What to work on
A verbatim reproduction of the following listing is required; omit the pictures.

Data extract

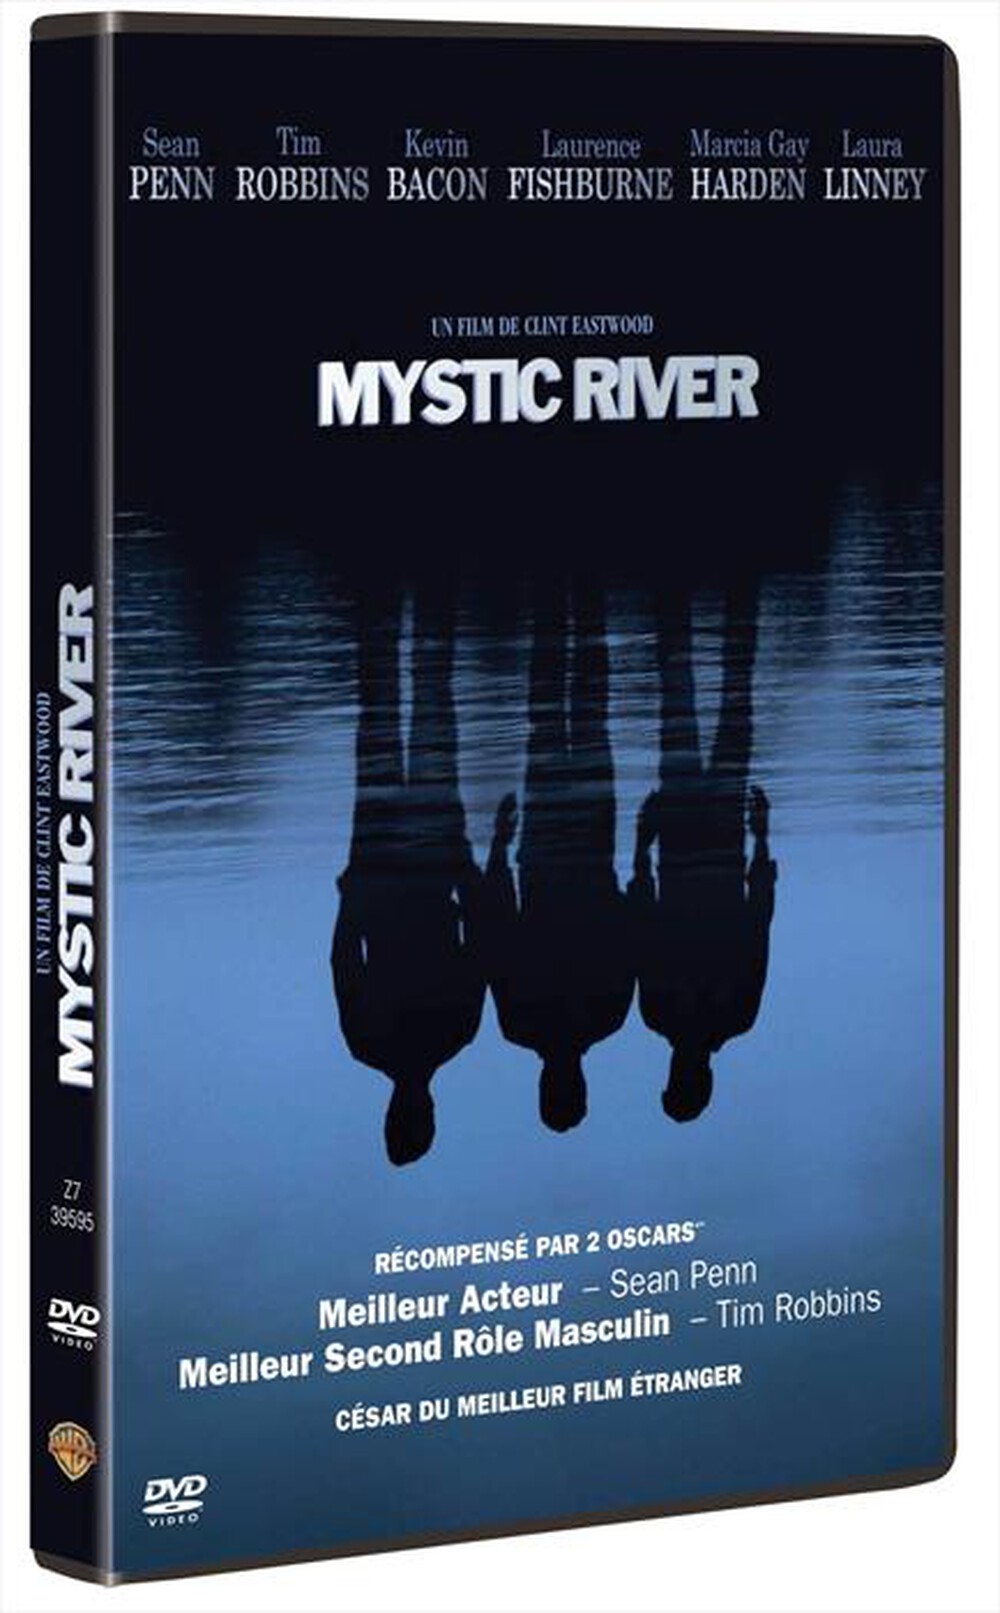 "WARNER HOME VIDEO - Mystic River"
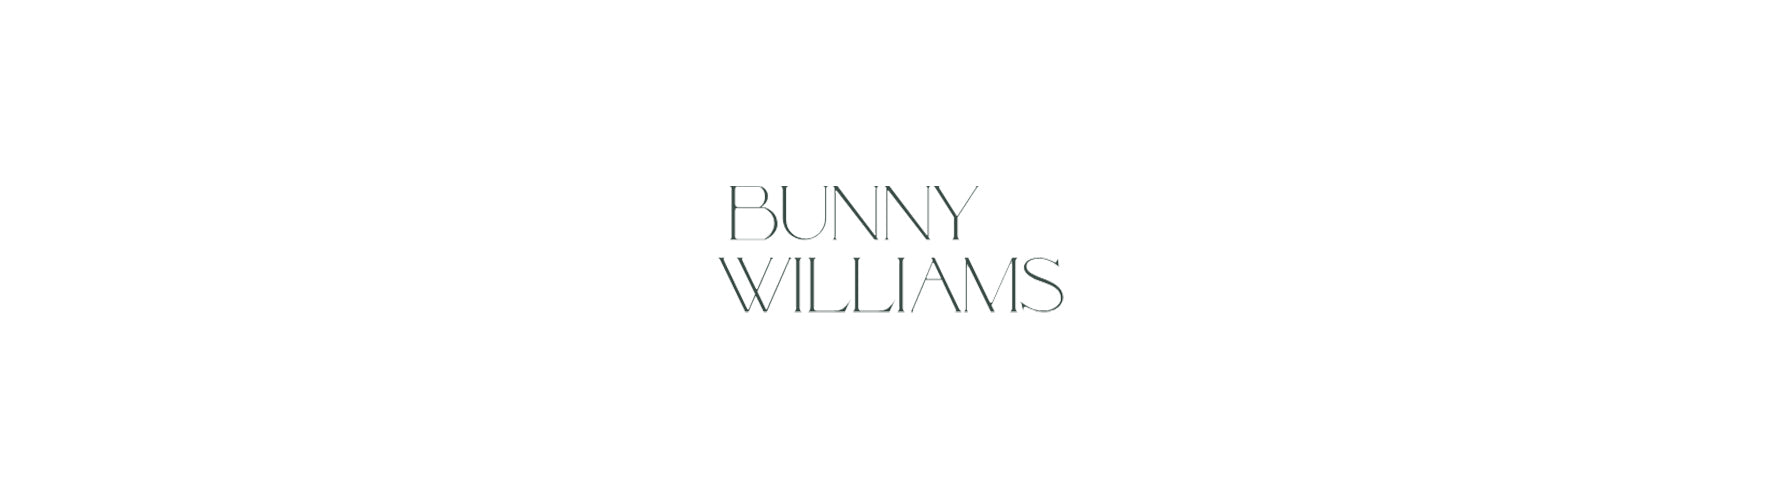 Bunny Williams interior design logo.
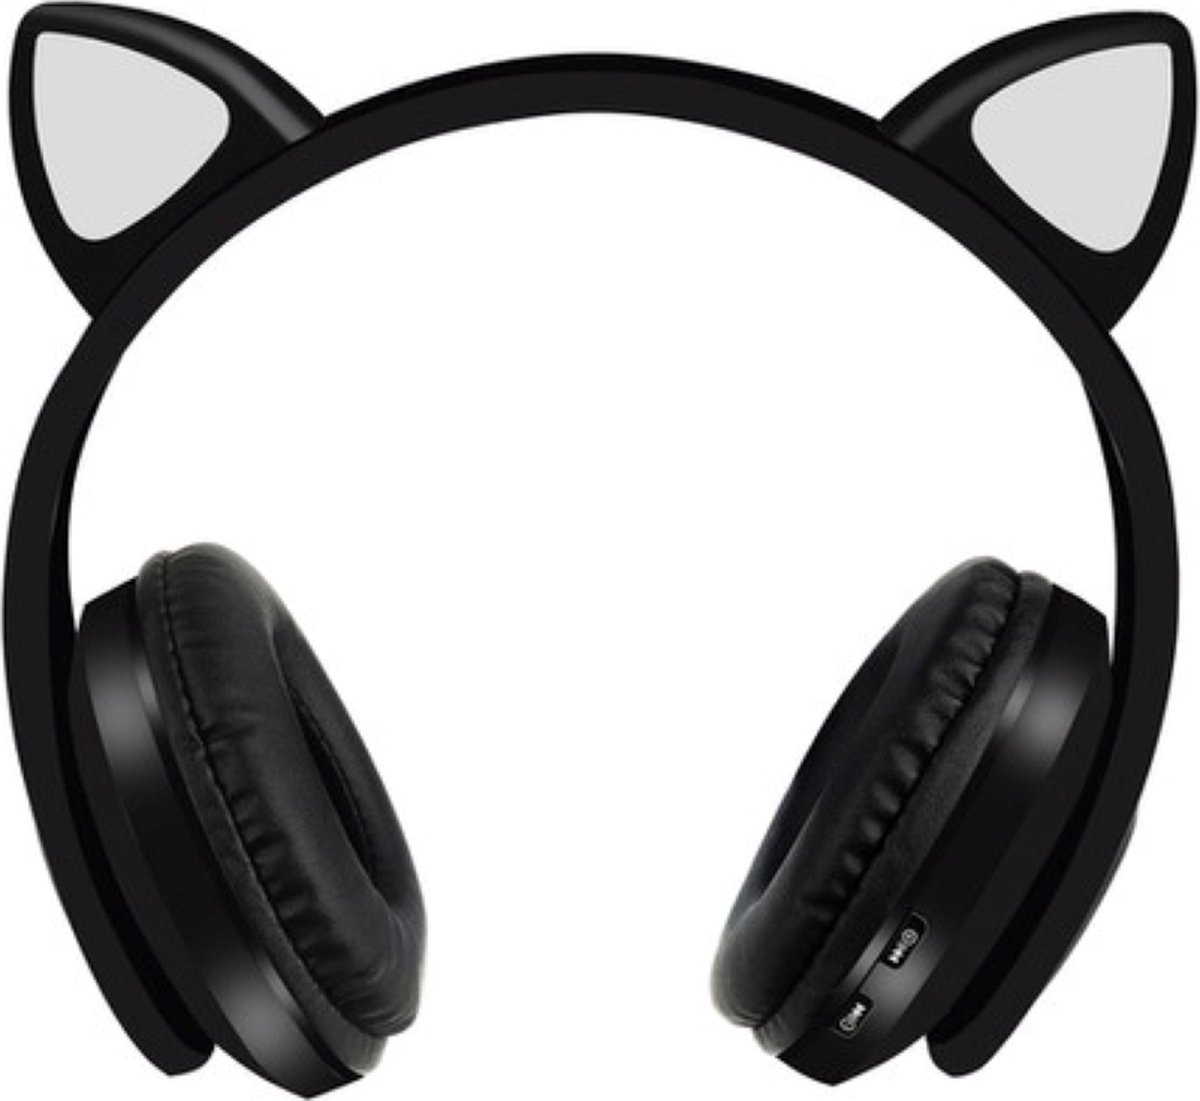 Oneiro's Luxe Wireless headphones with cat ears - black
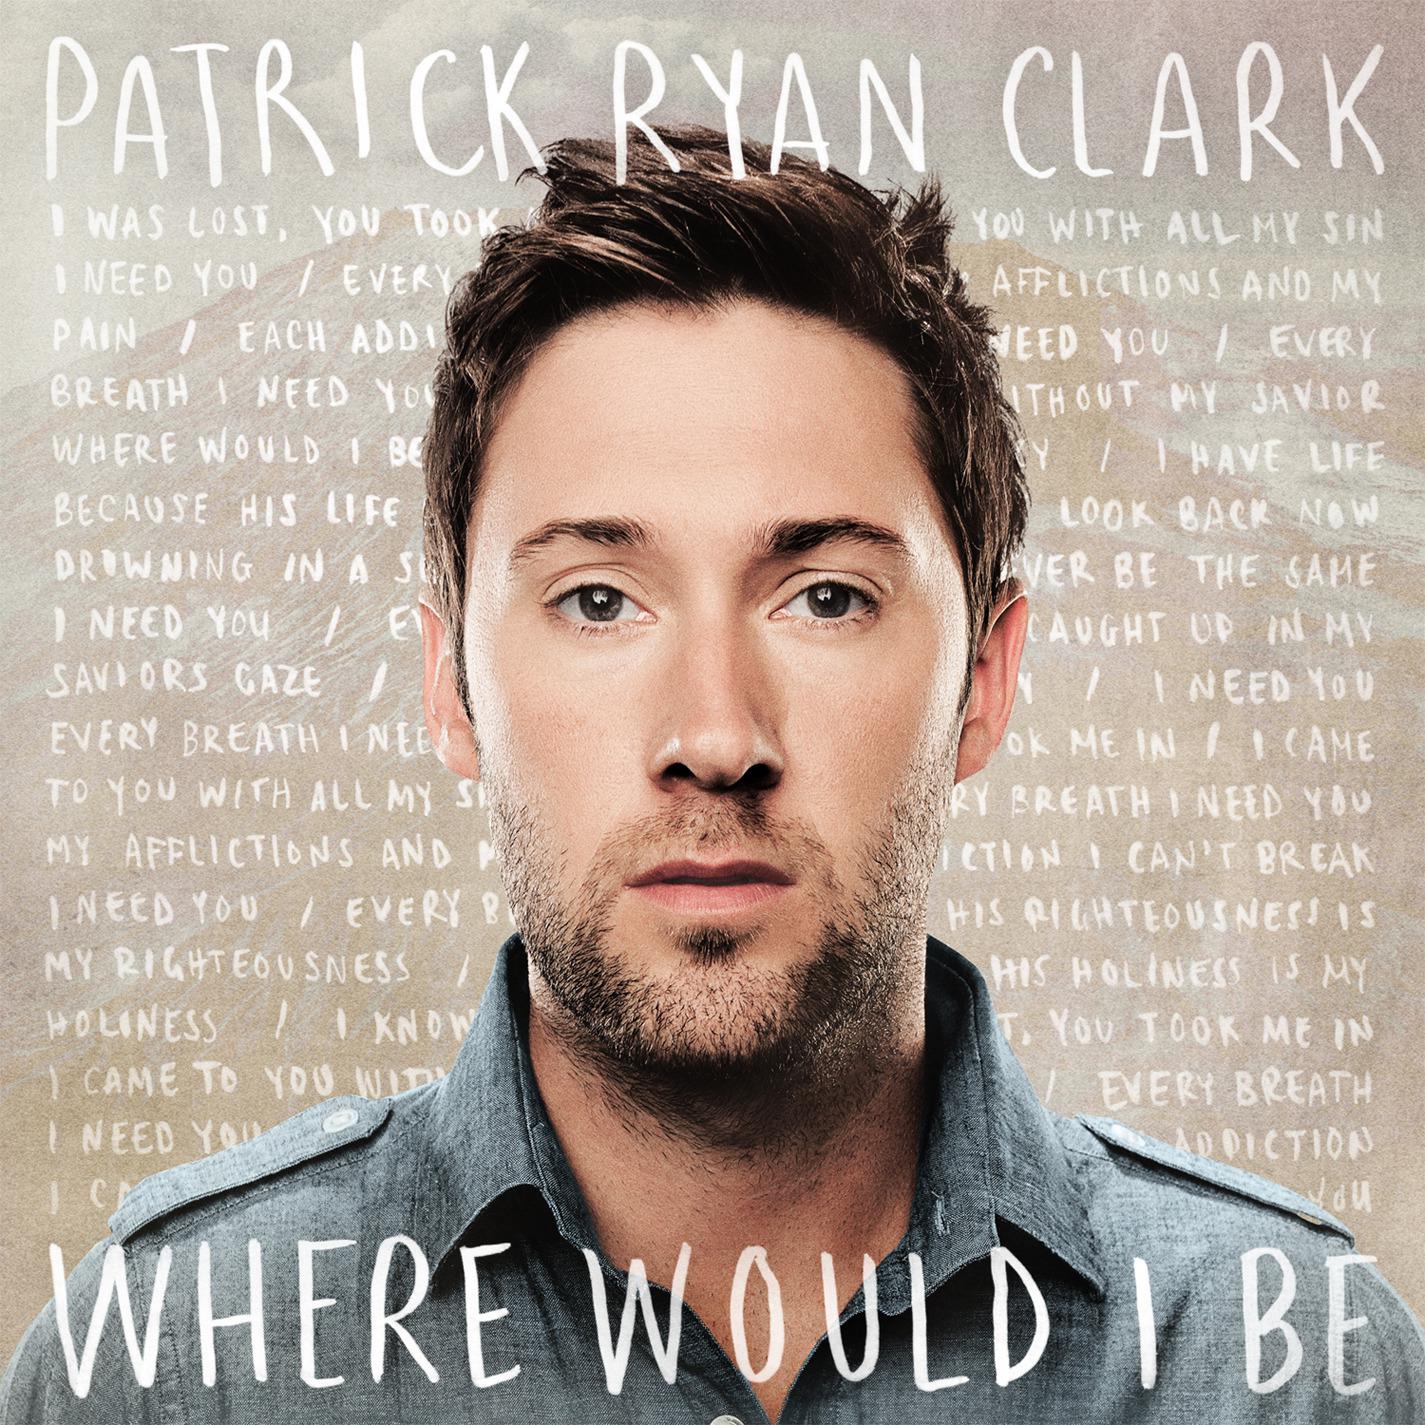 Patrick Ryan Clark - When All the World Falls

Your response
 "WARNER HOME VIDEO - Mystic River"
 Bunny Williams interior design logo.
 Oneiro's Luxe Wireless headphones with cat ears - black
 Patrick Ryan Clark - When All the World Falls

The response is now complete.